Writers Week brings readings, special events to the Hill

By Bonnie Wertheim ’14

Here at Hamilton College, we celebrate exceptional writing every day—by publishing student work in our campus publications, nominating individuals for Writing Center tutorship and praising our peers’ efforts during Creative Writing workshops. But this week on the Hill, the College has chosen to honor writers from both near and far.

The English and Creative Writing Department’s International Writers Week kicked off on Tuesday, Feb. 26 with a pizza party and screening of the 2002 film adaptation of bestselling author A.S. Byatt’s Booker prize-winning novel, Possession: A Romance.

On Wednesday, the Little Pub hosted a Harry Potter-themed Trivia Night. Creative Writing senior concentrators Marty Cain, Anna Paikert and Dave Snyder emceed the event, which drew a crowd of superfans who were eager to show off their knowledge on J.K. Rowling’s books and their big-screen versions.
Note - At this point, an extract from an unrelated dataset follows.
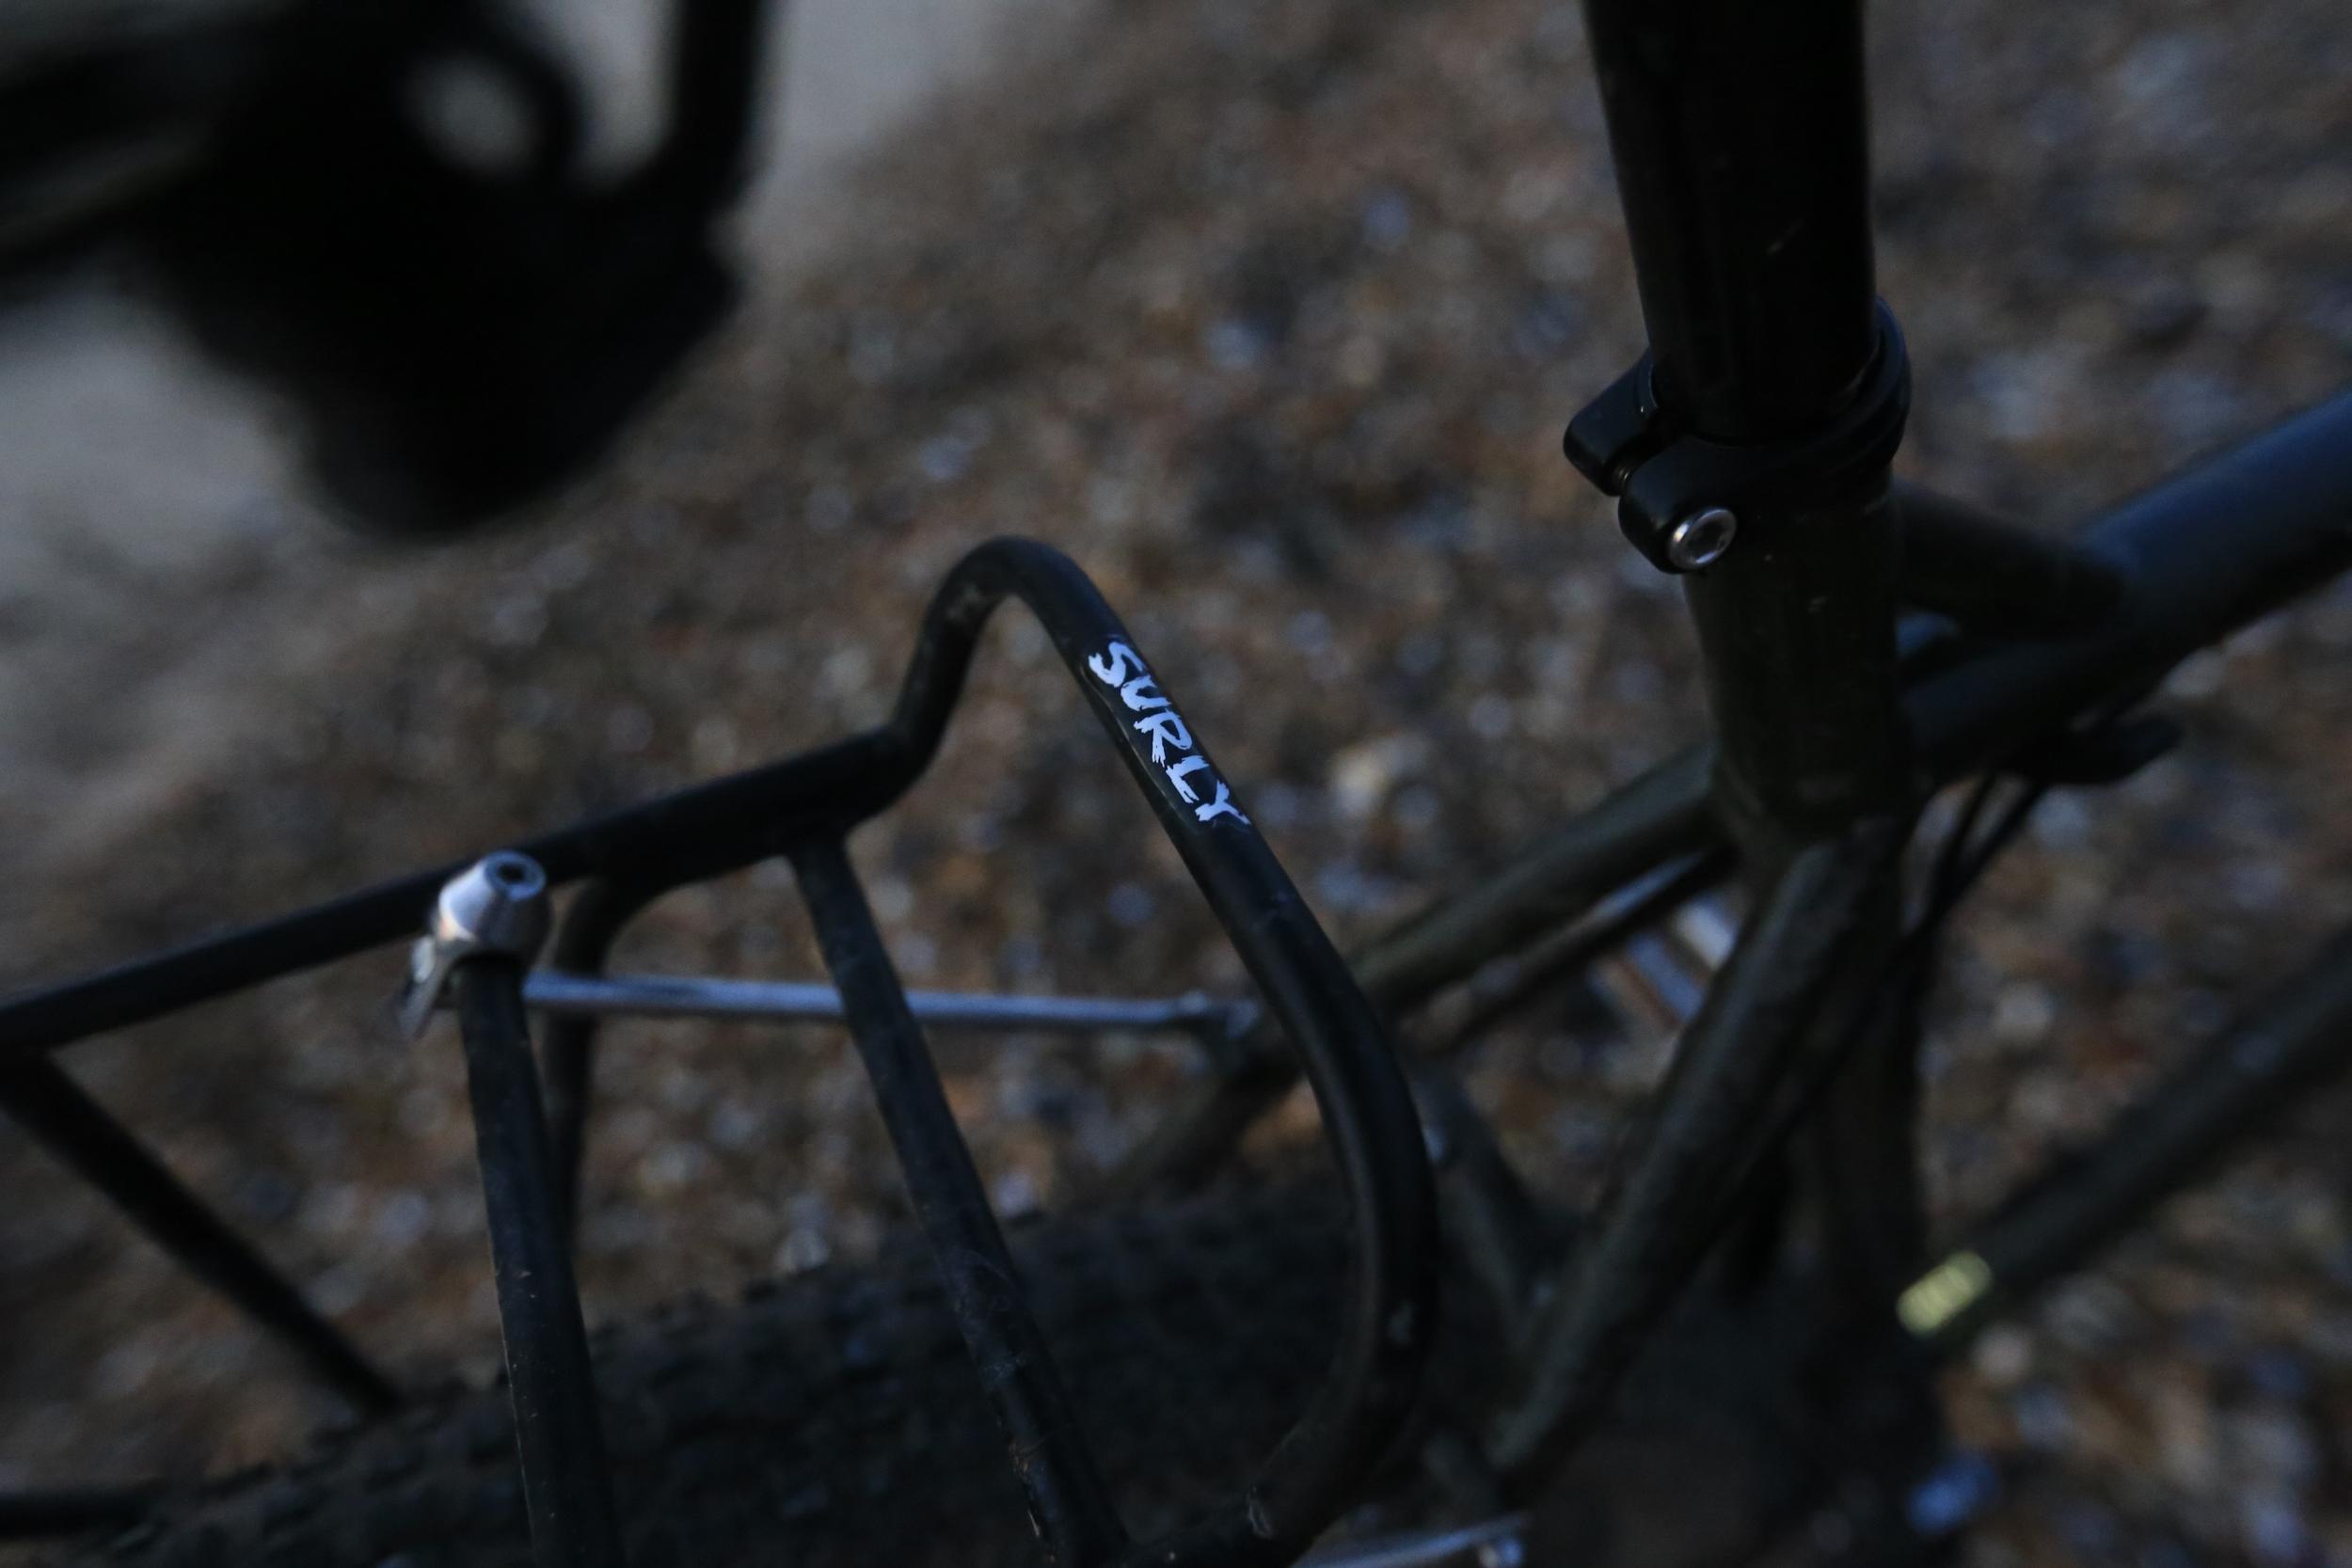 surly, surly ecr, ecr, bikepacking, travel blog, bicycle touring blog, cycling blog, bicycle touring apocalypse, berghaus, wildcat gear, revelate designs, pedaling nowhere

“My team, J.K. LOL-ing, had a great time,” said Meghan Doherty ’14. “It was awesome when I knew the answer to really obscure Harry Potter questions. Finally I have a use for all this HP knowledge!”

The best of International Writers Week is yet to come, though. This Thursday, Kamila Shamsie ’94 will take on any questions that the College community might have for her at 4 p.m. in Root 201. Shamsie grew up in Karachi—where her novel In the City by the Sea is located—and currently lives in London. She is not only a Hamilton graduate but a former visiting professor who is now serving as the College’s writer-in-residence.

“She knows not only where our writing students are coming from but where they might hope to go,” said Professor of English and Creative Writing Doran Larson.

Earlier this week, Shamsie paid a visit to Larson’s Study of the Novel class, which is currently reading her most recent novel, Burnt Shadows.

This weekend is host to a series of readings. Friday at 8 p.m. in the Chapel, Byatt will read from her works, which include The Children’s Book and Ragnarok – the End of the Gods. After the reading, she will gladly sign books.

On Saturday, Taylor Science Center is the place to be. At 10 a.m., the International Book Fair begins in the Atrium. All are welcome to join poet and essayist Ishion Hutchinson for a Jamaican breakfast at 10:30 a.m. before his 11 a.m. reading in the same location. Hutchinson’s first book of poems, Far District, won the PEN/Joyce Osterweil Award in 2011.

In G041 at 2 p.m., both Hutchinson and Shamsie will be speaking in a panel discussion about their favorite international authors. The week’s events conclude with a reading at 4 p.m. in the Atrium by Shamsie.